The current Sudoku solution methods are mainly based on counting and implication chains. The part about implication chains is well understood. Basically it is just propositional calculus. Every basic step in a chain is based on counting, and some known counting arguments can be generalized and simplified a bit.
Every region contains each digit precisely once. This can be used in two directions: On the one hand it means that if some set of cells is covered by N regions, it can contain some digit d at most N times. On the other hand it means that if some set of cells contains all occurrences of some digit d in N pairwise disjoint regions, it must contain the digit d at least N times.
For N=1 the "at most" part leads to weak links, and the "at least" part leads to strong links. Very similar arguments work for N > 1.
Subset Counting example
Myth Jellies pushed me to start a new thread in a follow-up to a post describing such an argument - maybe the example given there is a good illustration. Look at the (partial) situation
- Code: Select all
. . . | . . . | . . .
. . . | . . <9>| . 79 789
. . . | . . . | . . 789
------------+-------------+------------
. . . | . . . | . . .
. . . | . . . | . . .
. . . | . . . | . . .
------------+-------------+------------
. . . | . . 37 | . . 79
. . . | . . . | . . .
. . . | . . 39 | . . .
The goal is to eliminate a possible 9 in cell (2,6).
Consider the set of six cells of which the candidates are shown. The possible digits are 3,7,8,9 with maximum multiplicities 1,2,1,3, respectively.
(Why? All 3s are in a single box, so at most one 3. The same holds for 8. All 7s are either in row 7 or in box 3, so there are at most two 7s in these six cells. Finally, the 9s occur in three boxes, so there cannot be more than three of them.)
Now 1+2+1+3=7 and we have 6 cells. If some outside choice decreases the maximum by 2, then we do not have enough digits to fill the cells, and the outside choice is impossible. But the choice of 9 in cell (2,6) would diminish the maximum number of 9s from 3 to 1 (all 9s that do not see cell (2,6) are in one column), and this shows (2,6)!9.
Remarks
Most reasoning involving locked sets, almost locked sets, Sue de Coq, X-wing, XY-wing, XYZ-wing etc is a special case of this subset counting technique.

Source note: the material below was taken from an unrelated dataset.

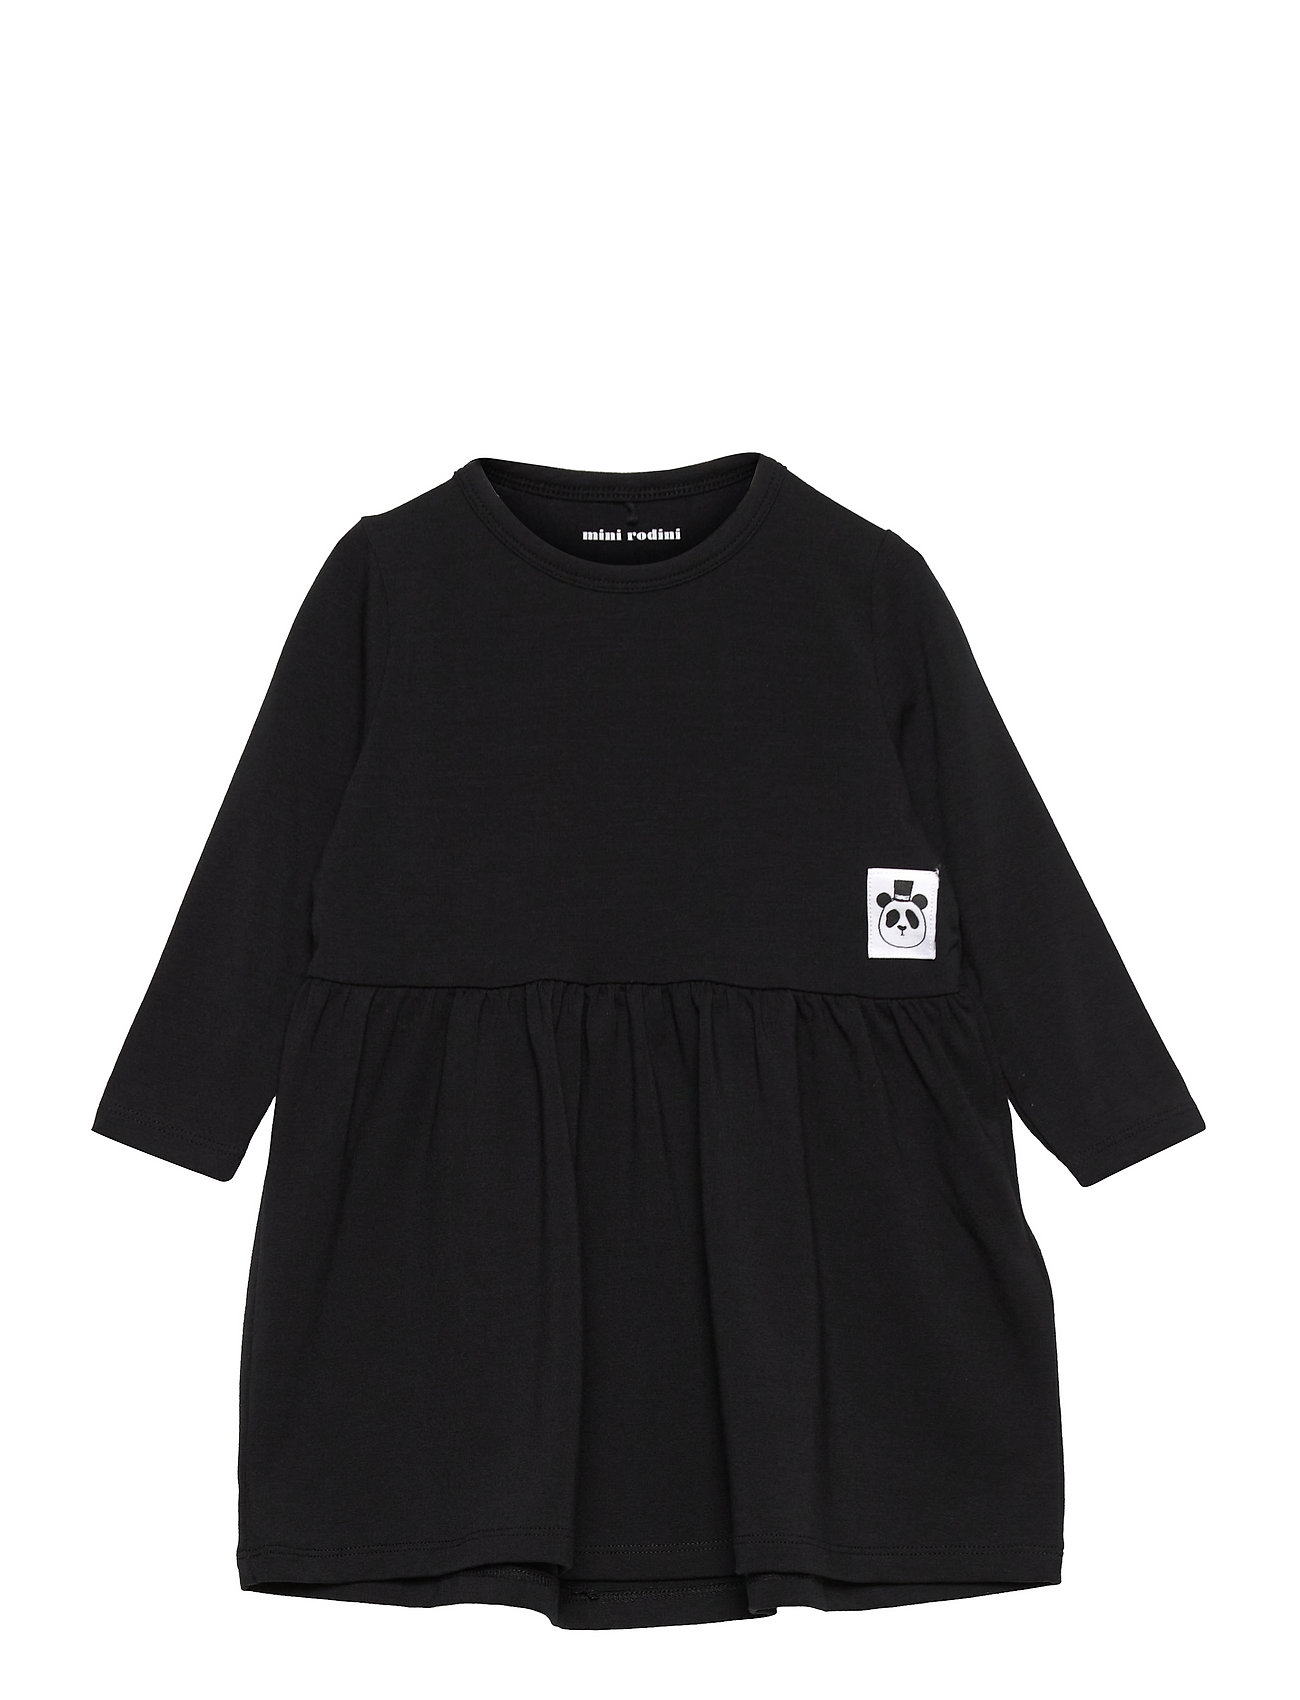 Basic Ls Dress Tencel™ Dresses & Skirts Dresses Casual Dresses Long-sleeved Casual Dresses Black Mini Rodini
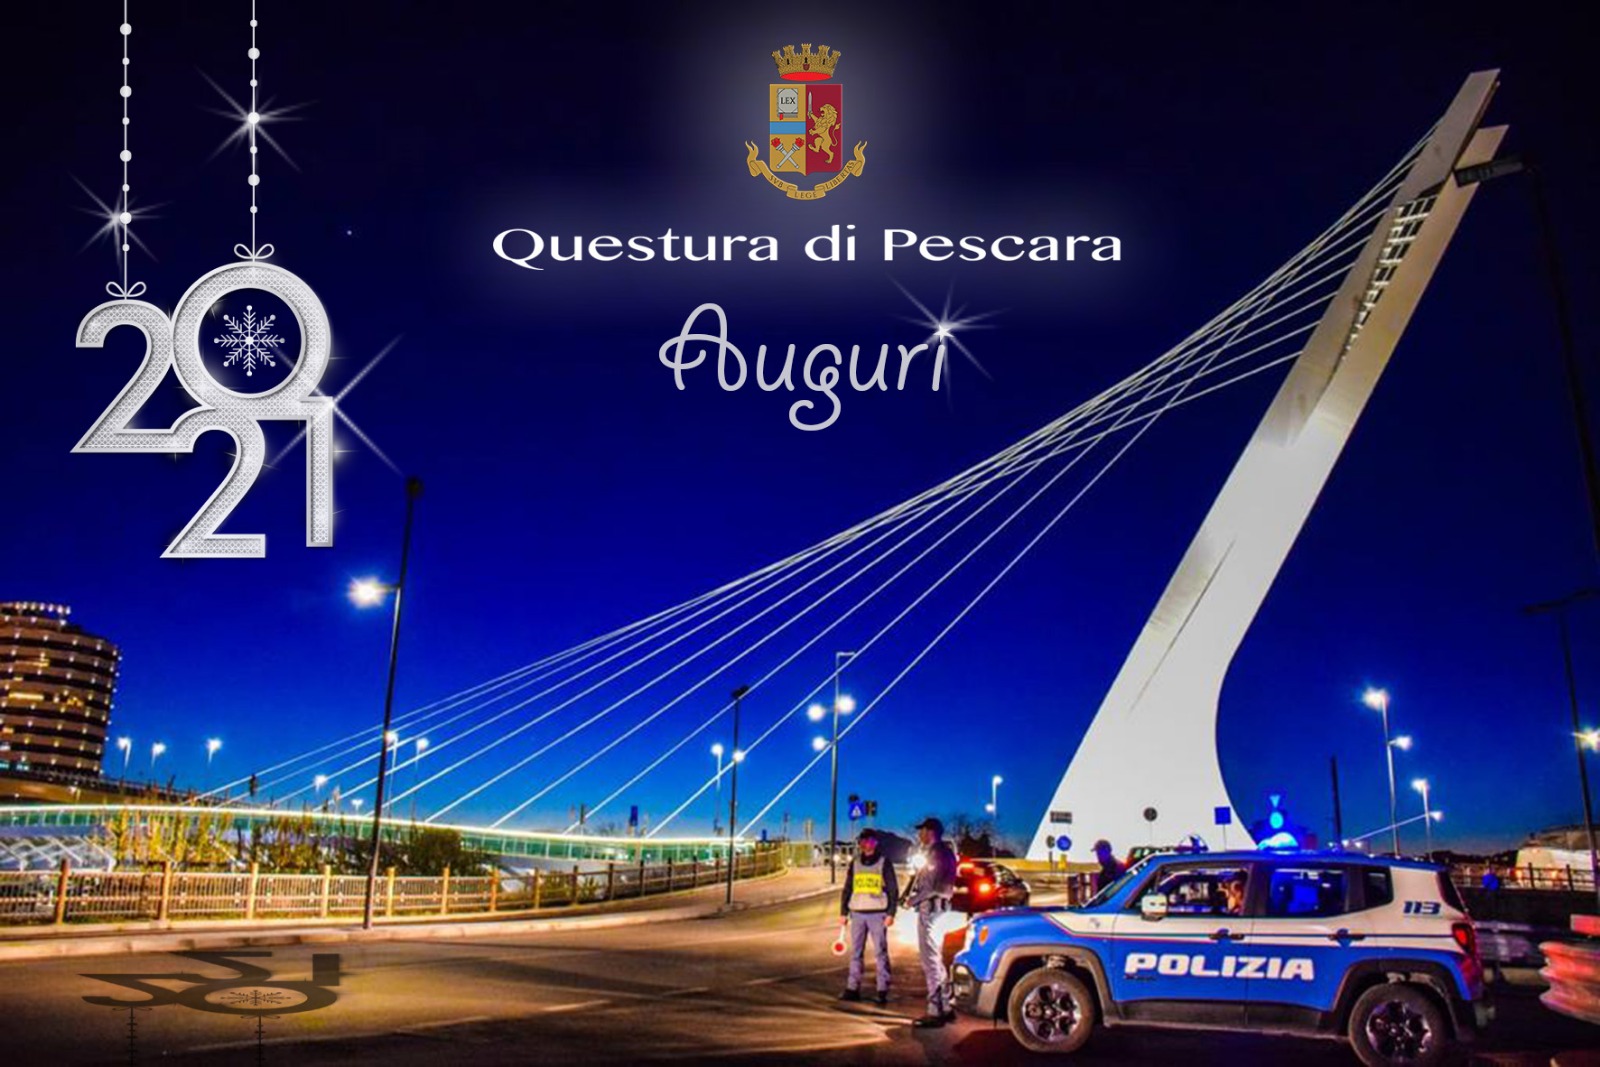 Questura di Pescara: bilancio attività anno 2020

Also some arguments commonly thought of as chain arguments can be phrased as counting arguments. In particular, remote pairs and, more generally, bivalue forcing chains are a special case.
The contradiction obtained is that an upper bound (set covered by few regions) contradicts a lower bound (set has at least as many digits as cells). One can also obtain a lower bound by counting for each digit d the number of pairwise disjoint regions of which all occurrences of d are contained in the chosen set.
Now e.g. swordfish, and all ordinary nice loops are a special case.
(Thus, one has the two equivalent views of a nice loop: as a chain of propositions or as a single object.)
(How? Given the chain x-a=b-c=d-e=f-x, consider the set a,b,c,d,e,f. Counting (digit,region) pairs there is a lower bound of 3 for the three regions containing a=b, c=d, e=f. But if x holds, then there is an upper bound of 2 found by considering b-c, d-e. One can also count true propositions and come to the same conclusion.)
Chains are basically linear, but subsets do not have such a restriction. This makes subset counting in principle a more powerful technique.
Of course, finding the right subset to consider is not necessarily easier than finding the right chain.
If the set of cells is large, it can become nontrivial to determine the maximum number of occurrences of some digit in the set. The extreme case is that where one takes all cells that do not see a given cell. If the maximum number of occurrences of d is less than 8, then the given cell does not have d. This is Nishio.